#### [The task]
An exact copy of all the data below is needed, without its pictures.

-------- Collected data --------

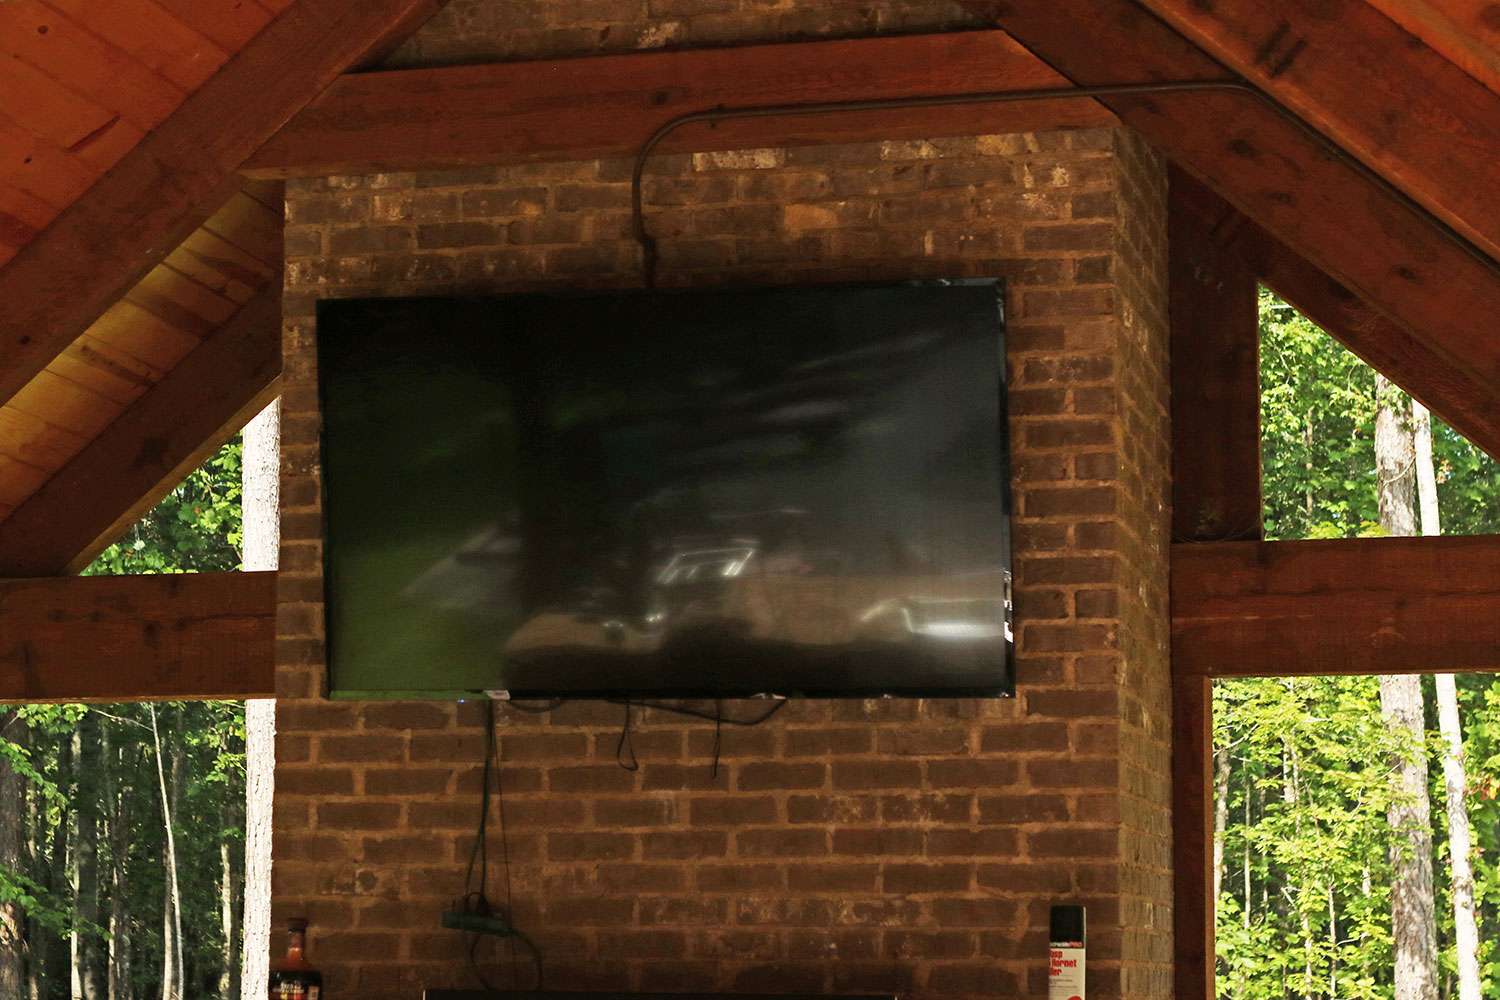 Of course there's a TV mounted above the outdoor fireplace in case Alabama football is taking place. 
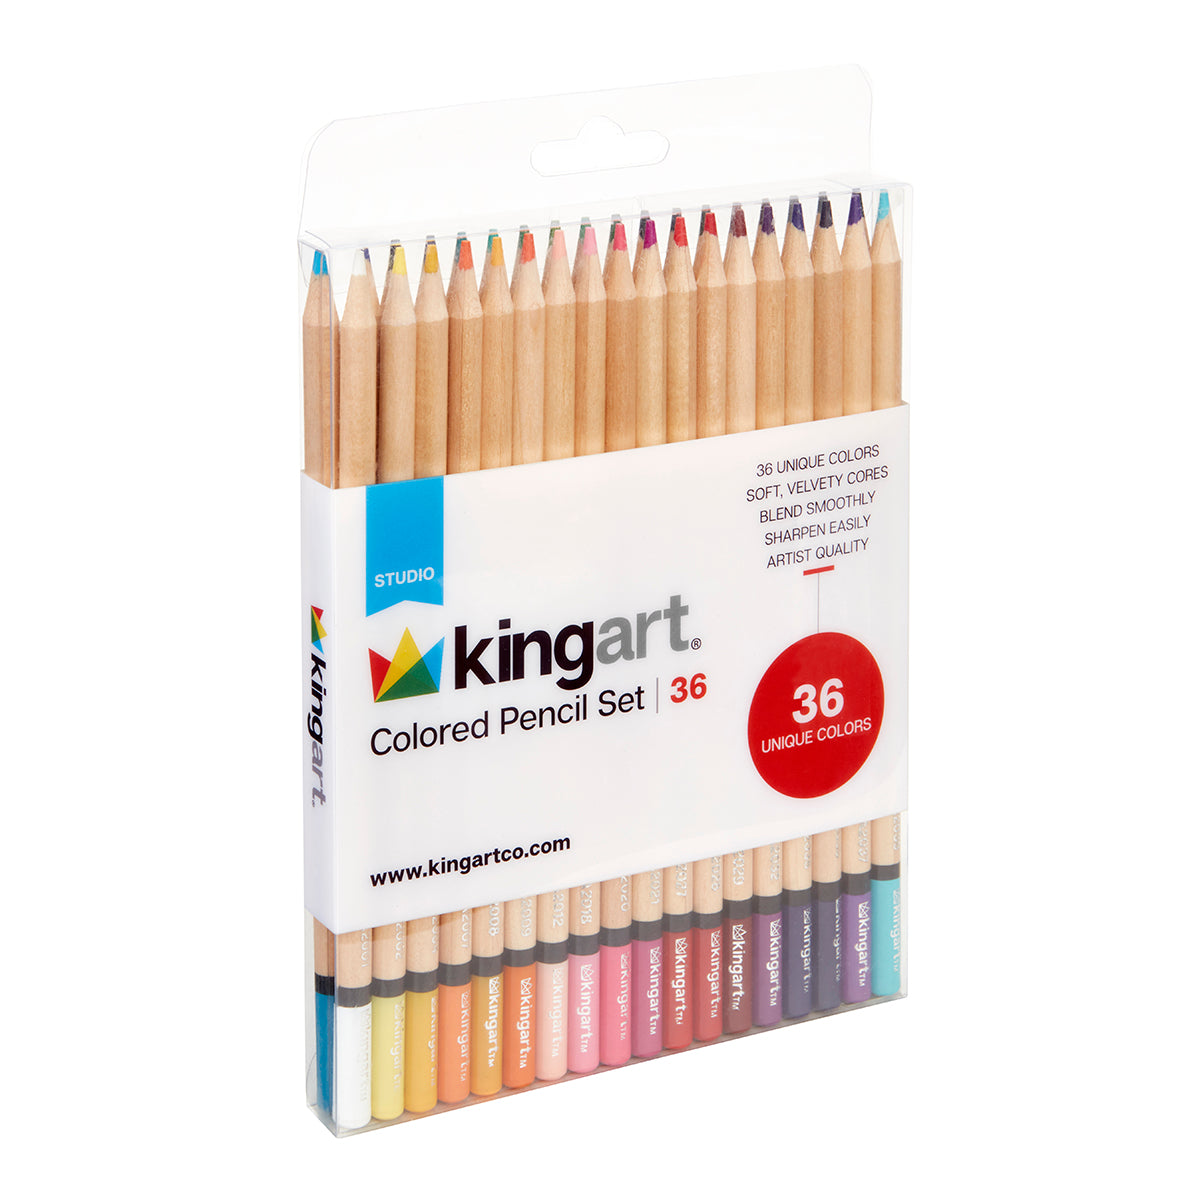  Bundle of Arrtx Professional 126 Colors Colored Pencils with  MeiLiang Watercolor Paint Set, 36 Vivid Colors Perfect for Students, Kids,  Beginners and More : Arts, Crafts & Sewing
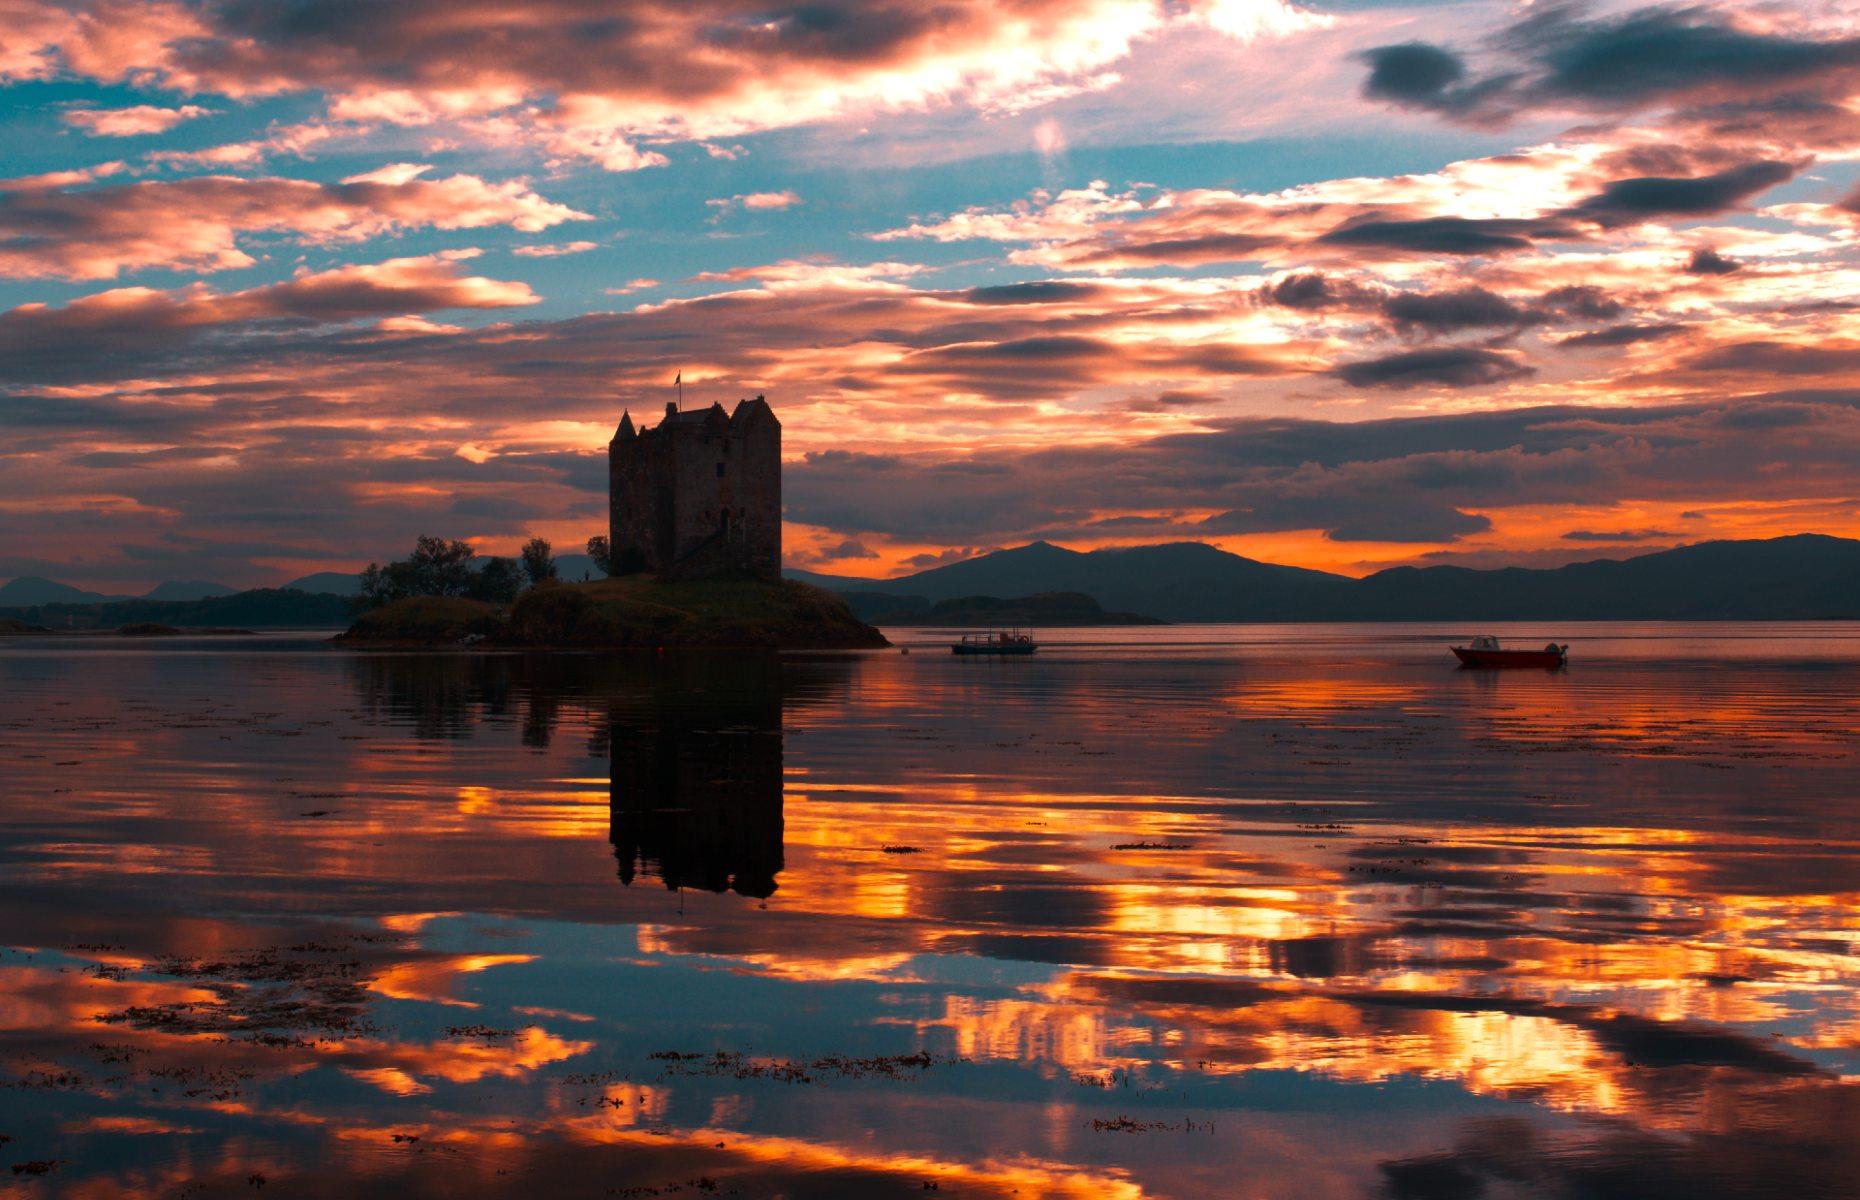 Located on its own tiny island in the middle of Loch Laich, Castle Stalker is a 14th-century fortress which has borne witness to many things over the centuries, including feuds, murder and bloody battles. But it looks ultra tranquil in this glorious shot by Dominic Ellet, in which the ruins form a striking silhouette against brightly-coloured clouds at sunset.

--------

#### [Solved exercise]
 Of course there's a TV mounted above the outdoor fireplace in case Alabama football is taking place. 
  Bundle of Arrtx Professional 126 Colors Colored Pencils with  MeiLiang Watercolor Paint Set, 36 Vivid Colors Perfect for Students, Kids,  Beginners and More : Arts, Crafts & Sewing
 Located on its own tiny island in the middle of Loch Laich, Castle Stalker is a 14th-century fortress which has borne witness to many things over the centuries, including feuds, murder and bloody battles. But it looks ultra tranquil in this glorious shot by Dominic Ellet, in which the ruins form a striking silhouette against brightly-coloured clouds at sunset.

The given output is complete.